We hypothesised that impairments in neurocognitive functioning particularly in the domains of verbal memory and executive functions would be associated with poor vocational and global outcomes in schizophrenia in both cross-sectional and longitudinal analysis.

Materials and methods

Subjects

The Northern Finland Birth Cohort 1966 (NFBC 1966) is a prospective birth cohort based on 12,058 children with an expected date of birth in 1966 in the provinces of Oulu and Lapland (Rantakallio, 1969).

The detection of cases and validation of diagnoses are described in detail elsewhere (Isohanni et al., 1997, Moilanen et al., 2003). Briefly, all cohort members appearing on the Care Register for Health Care for a lifetime psychotic episode (n = 145) were invited to participate in a baseline study conducted in 1999–2001 including interviews and neurocognitive testing, and 91 (63%) participated. Altogether 73 received a DSM-III-R (SCID-I; Spitzer et al., 1989) diagnosis of schizophrenia spectrum disorder (61 of schizophrenia). From now on we will address the disorder simply as schizophrenia. Compared to participants, non-participants were more often single and on disability pension, and they had more psychiatric hospitalisations and more often a diagnosis of (narrow) schizophrenia. No differences between the groups were detected in terms of gender, education, unemployment periods, substance abuse, or age of psychosis onset (Haapea et al., 2007). Control subjects were selected randomly from the NFBC 1966 members living in the Oulu area with no history of psychotic disorder. Of the invited 187 subjects, 104 (56%) participated. The control group is used in this study only to assess the normative neurocognitive performance of the Finnish population.

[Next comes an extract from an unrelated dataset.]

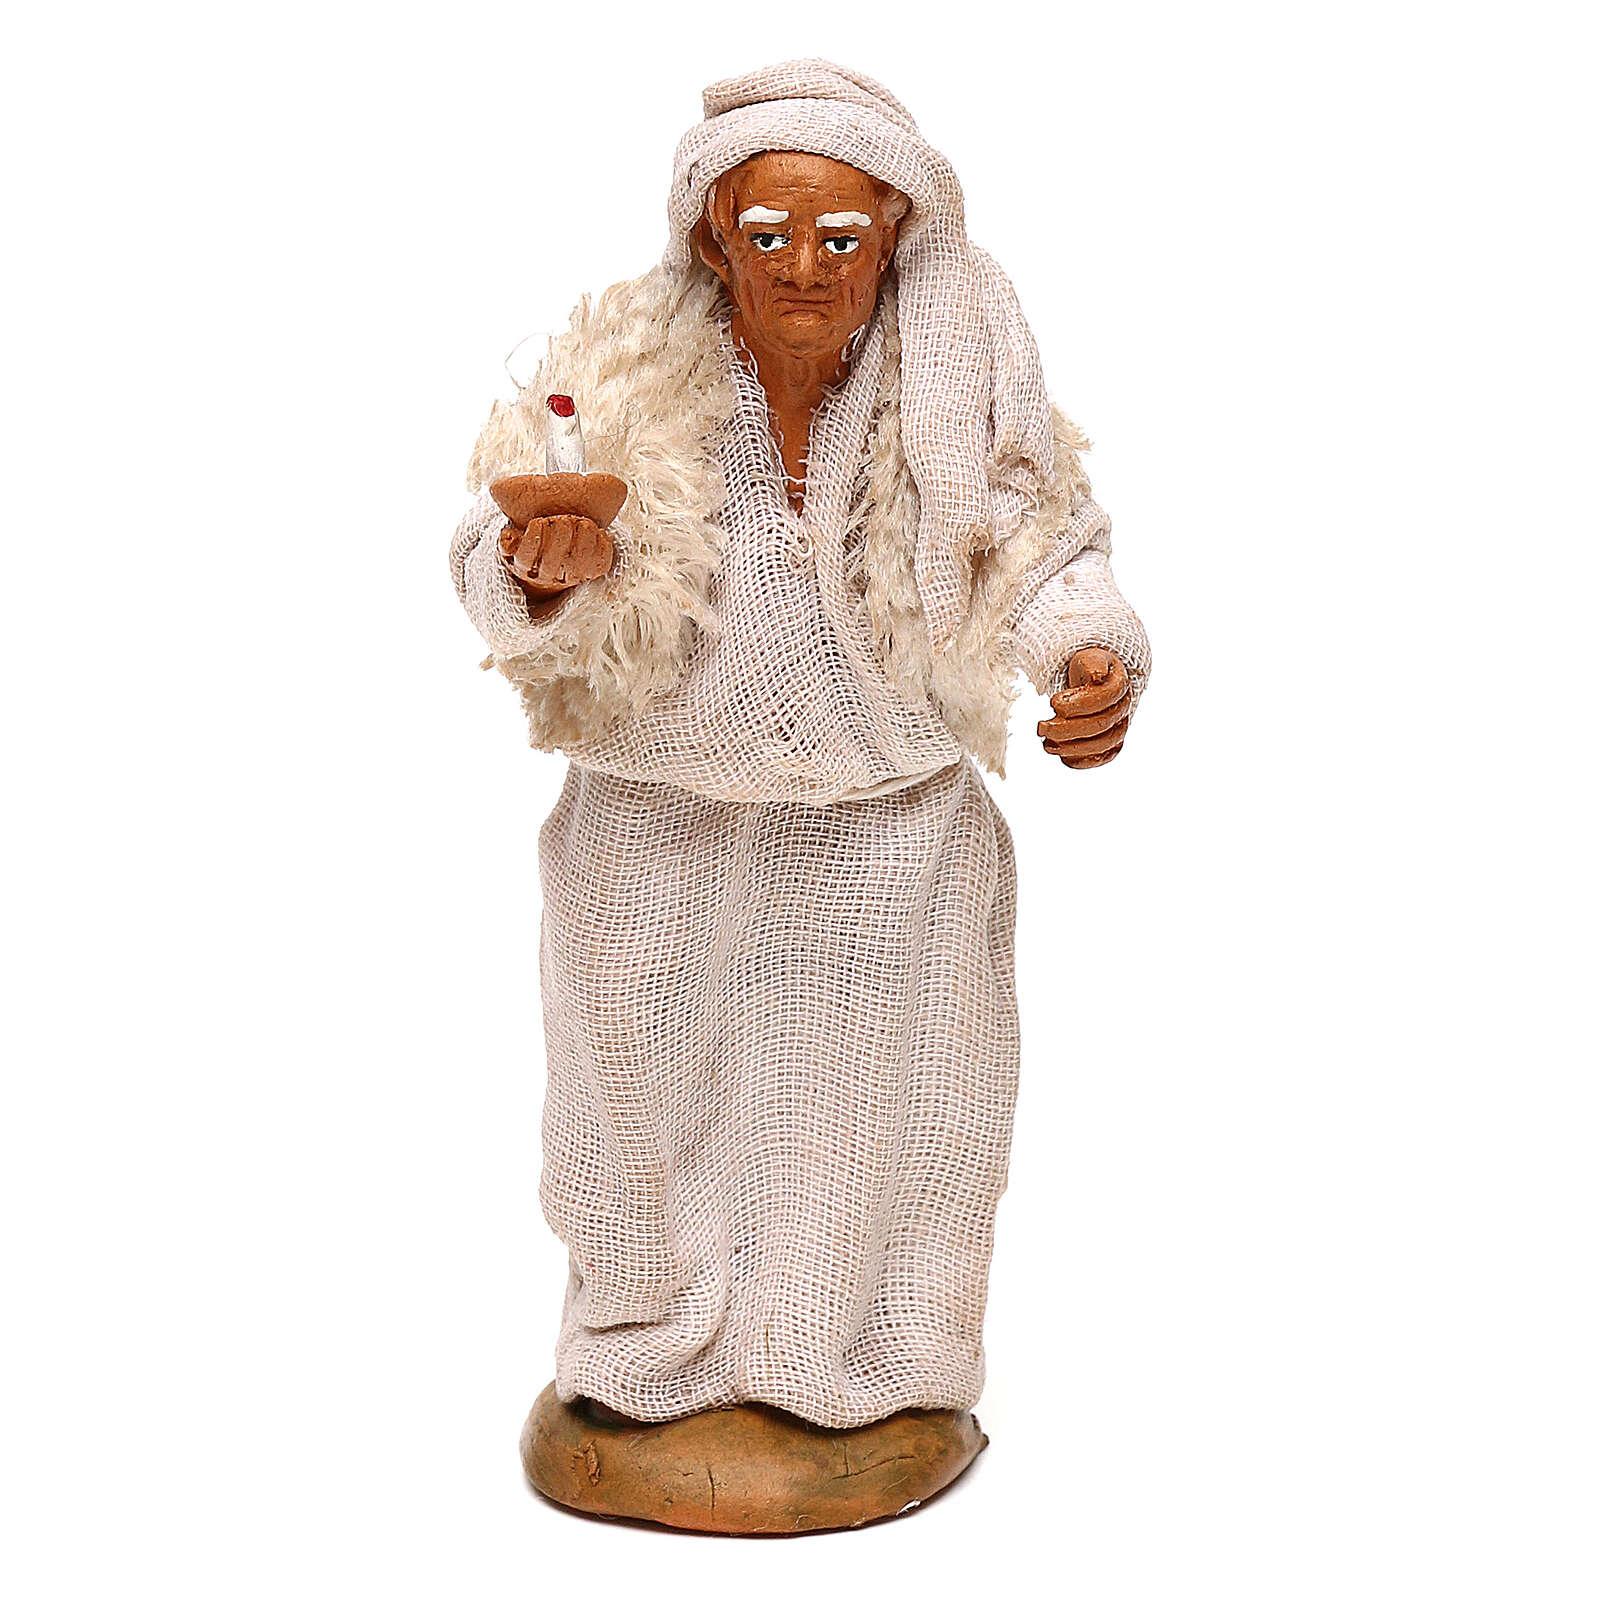 Viejo con vela belén napolitano 10 cm 4

Follow-up examinations were conducted in 2008–2010 and all those who had participated in the baseline study were invited for reassessment. Altogether 43 (59%) individuals with schizophrenia and 73 (70%) controls participated again, also attending neurocognitive testing. The number of individuals in each neuropsychological test varies somewhat, as a few participants did not take part in all three tests. The participants of this study did not differ statistically significantly from subjects who participated in the baseline study but did not return for the follow-up investigation. Factors studied included gender, education, onset age, disability pension, hospitalisations, and baseline scores in the neurocognitive tests and in PANSS, CGI, and SOFAS (data not shown). We also compared our final sample to all other potential participants (non-participants at age 34 years and non-participants at age 43 years who were alive at age 43 years, n = 70). No statistically significant differences (p < 0.05) between the groups were detected in any of the variables studied (gender, onset age, cumulative number of psychiatric hospital days until year 2000, and receiving disability pension due to psychosis; data not shown). All participants signed a written informed consent prior to participation after a complete description of the study. The Ethical Committee of the Northern Ostrobothnia Hospital District has approved and keeps the study design of the NFBC 1966 under review.

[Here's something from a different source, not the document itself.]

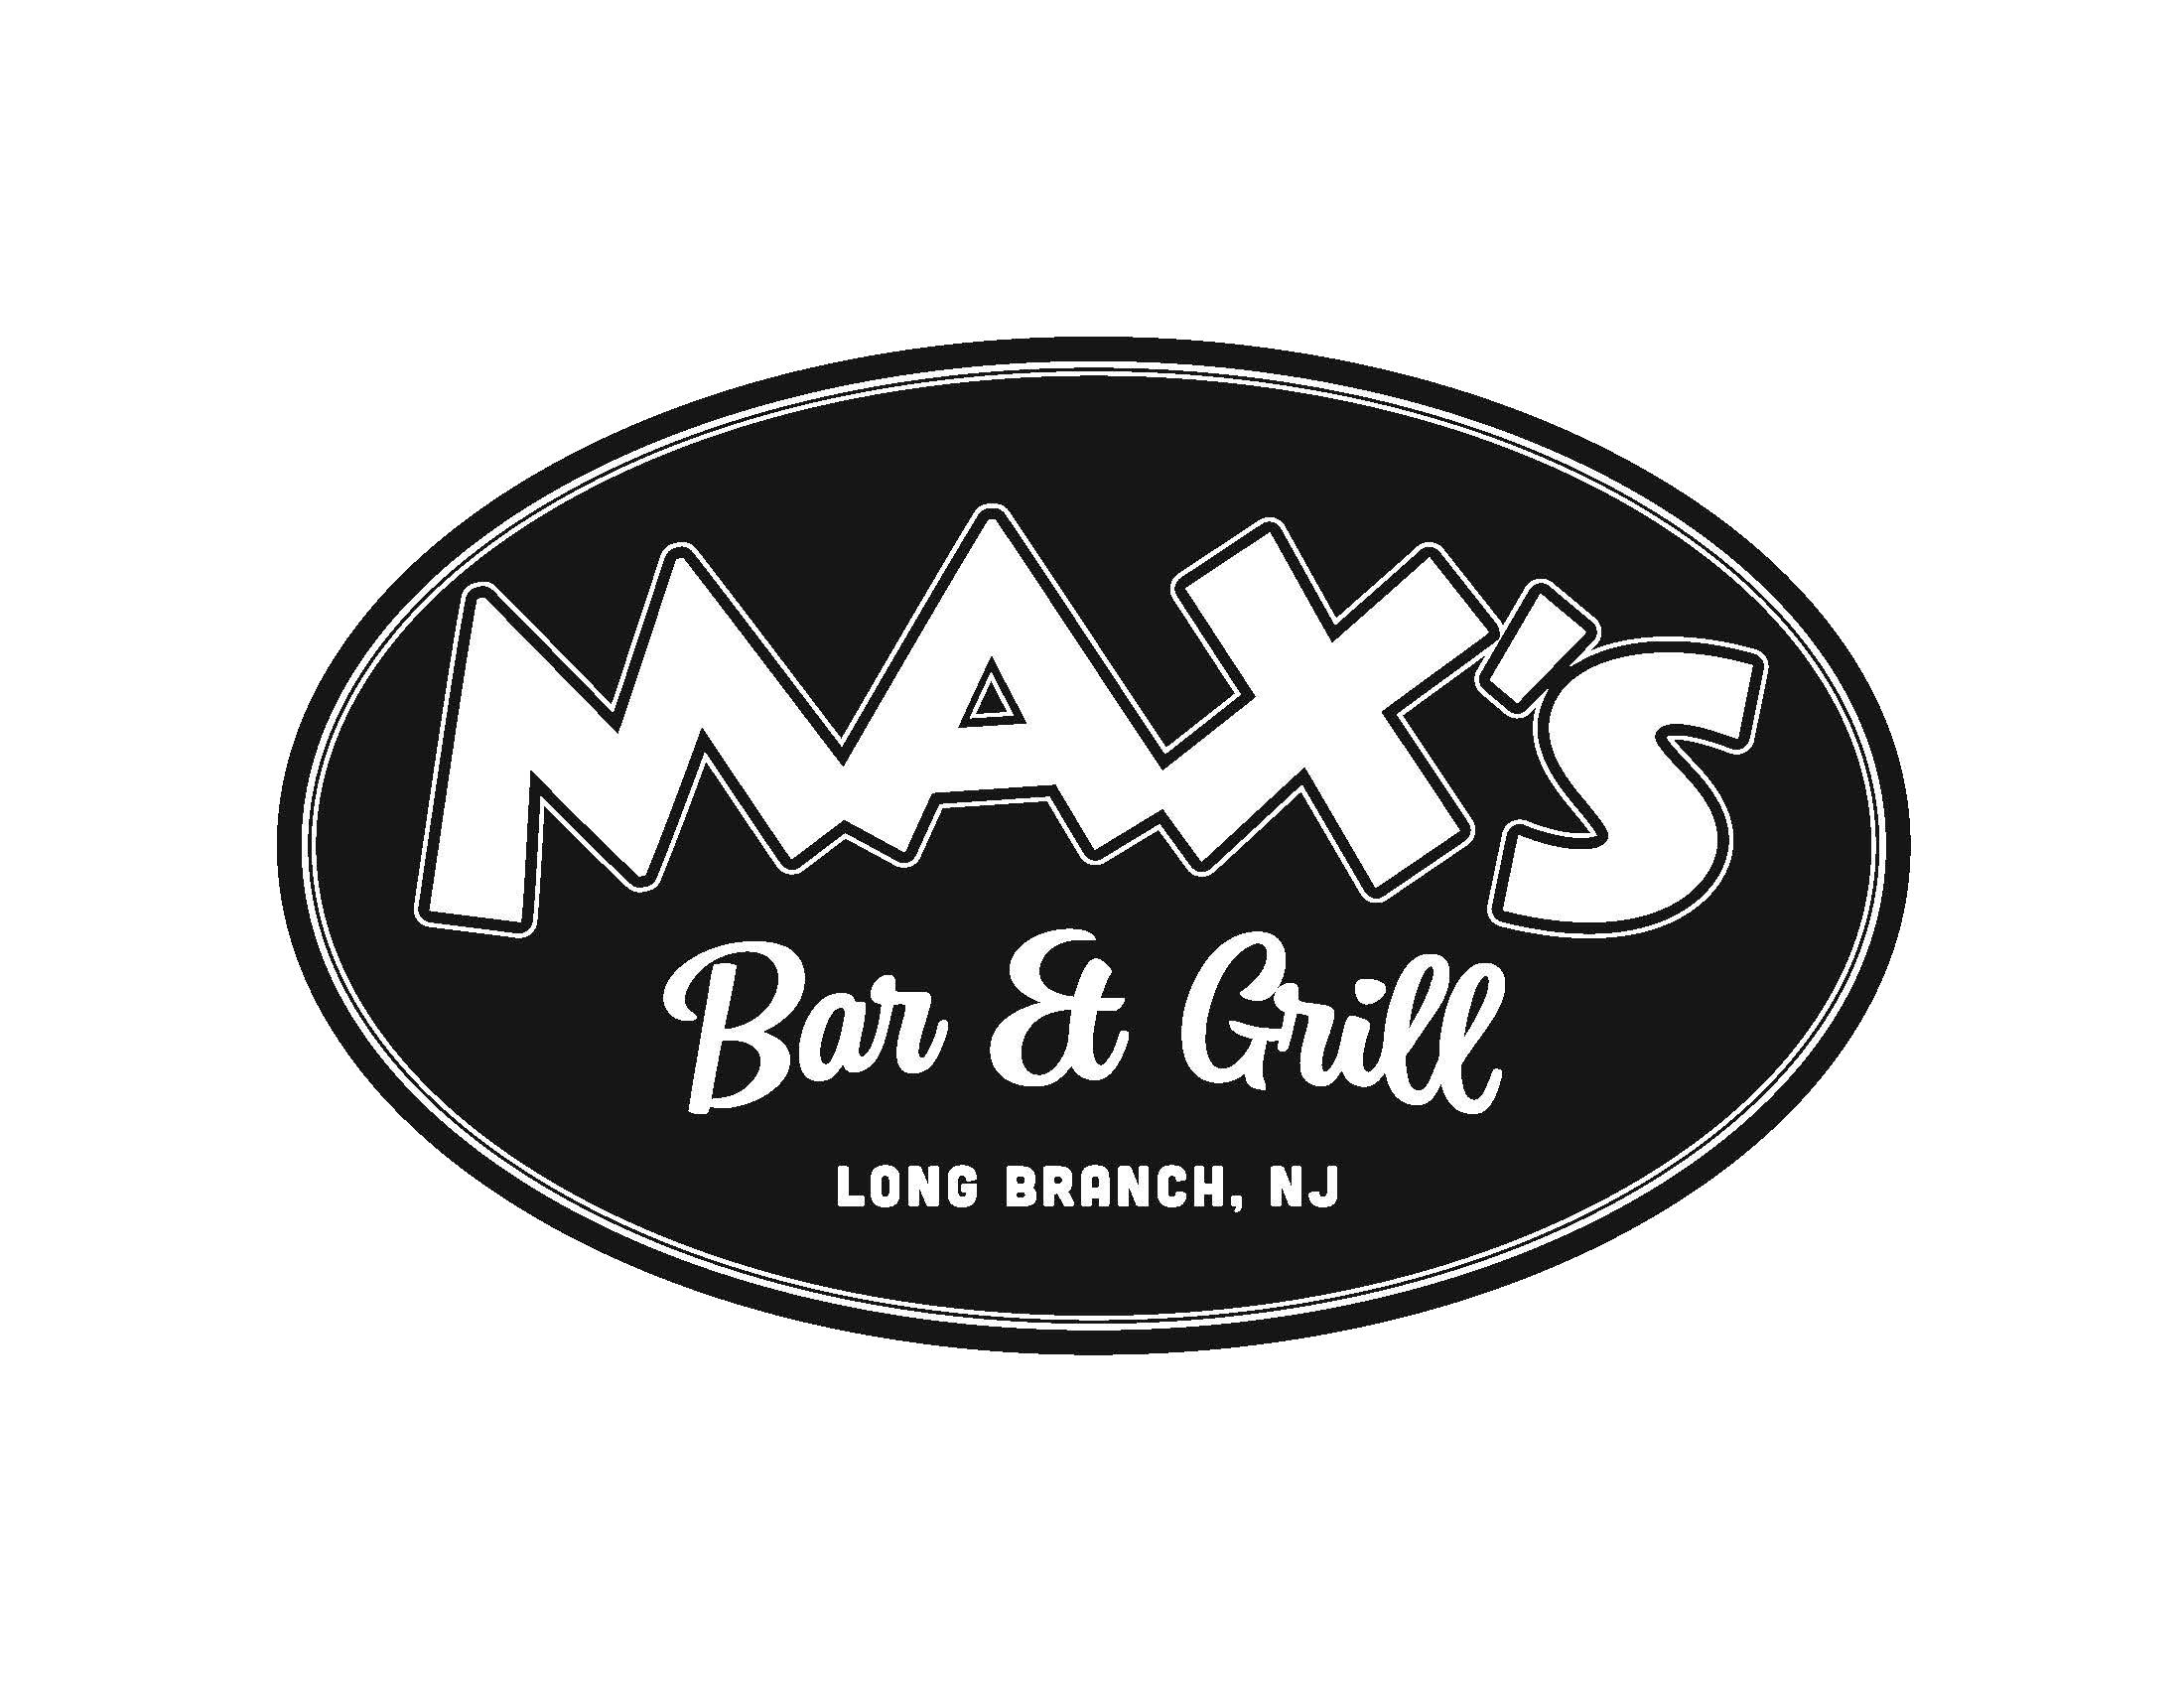 Maxs bar and grill logo

Neuropsychological assessments

The same three neurocognitive tests were administered at both baseline and follow-up.

Verbal learning and memory

The California Verbal Learning Test (CVLT) is an auditory verbal memory test using a 16-item shopping list that is read to the participants five times (Delis et al., 1983). After each trial participants must repeat back as many items as they remember. The two dependent variables used in this study were: 1) CVLT Trials 1–5 (summary score, reflects immediate verbal memory and learning) and 2) CVLT long delay (free recall, items remembered approximately 20 min later, reflects long-term memory). The psychometric properties of the CVLT have been shown to be very good (Spreen and Strauss, 1998).

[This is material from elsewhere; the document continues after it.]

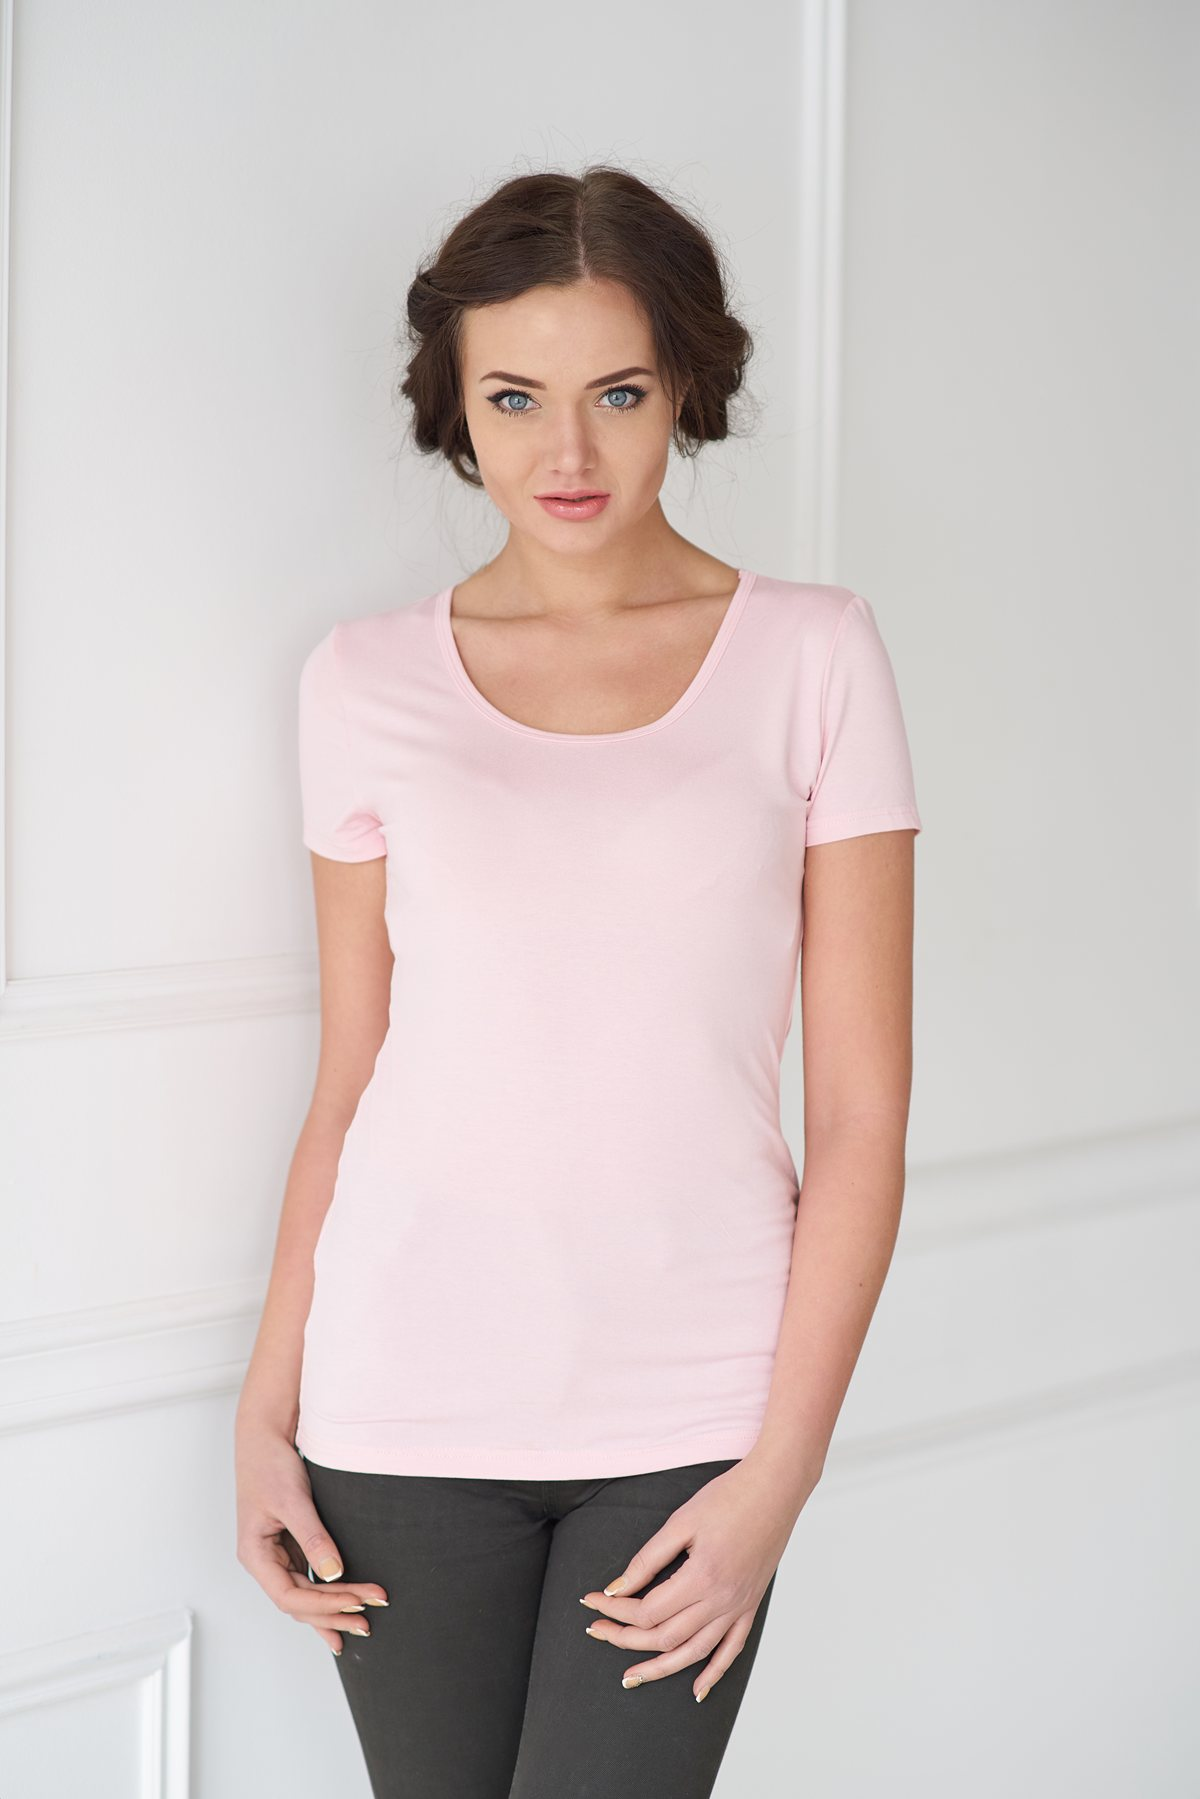 Жен. футболка арт. 19-0033 розовый р.

Visual learning and memory

The Visual Object Learning Test (VOLT) is a computerised test of visual object learning and memory (Glahn et al., 1997). It is modelled after the CVLT. VOLT has shown excellent internal consistency, and convergent and divergent validity (Glahn et al., 1997). The dependent variable is the total number of correct responses in the four trials. We excluded participants who performed below chance – i.e. who had less than 50% of correct answers – assuming they had not understood the test assignment.

Executive functions

The Abstraction and Working Memory task (AIM) is a computerised rule-abstraction/category-learning task that allows abstraction and working memory to be analysed independently (Glahn et al., 2000). The two dependent variables are the total number of correct answers in the two subtests; abstraction and abstraction plus memory test. Subjects with schizophrenia have been shown to perform worse than healthy controls in both subtests (Glahn et al., 2000). We excluded participants who performed below chance.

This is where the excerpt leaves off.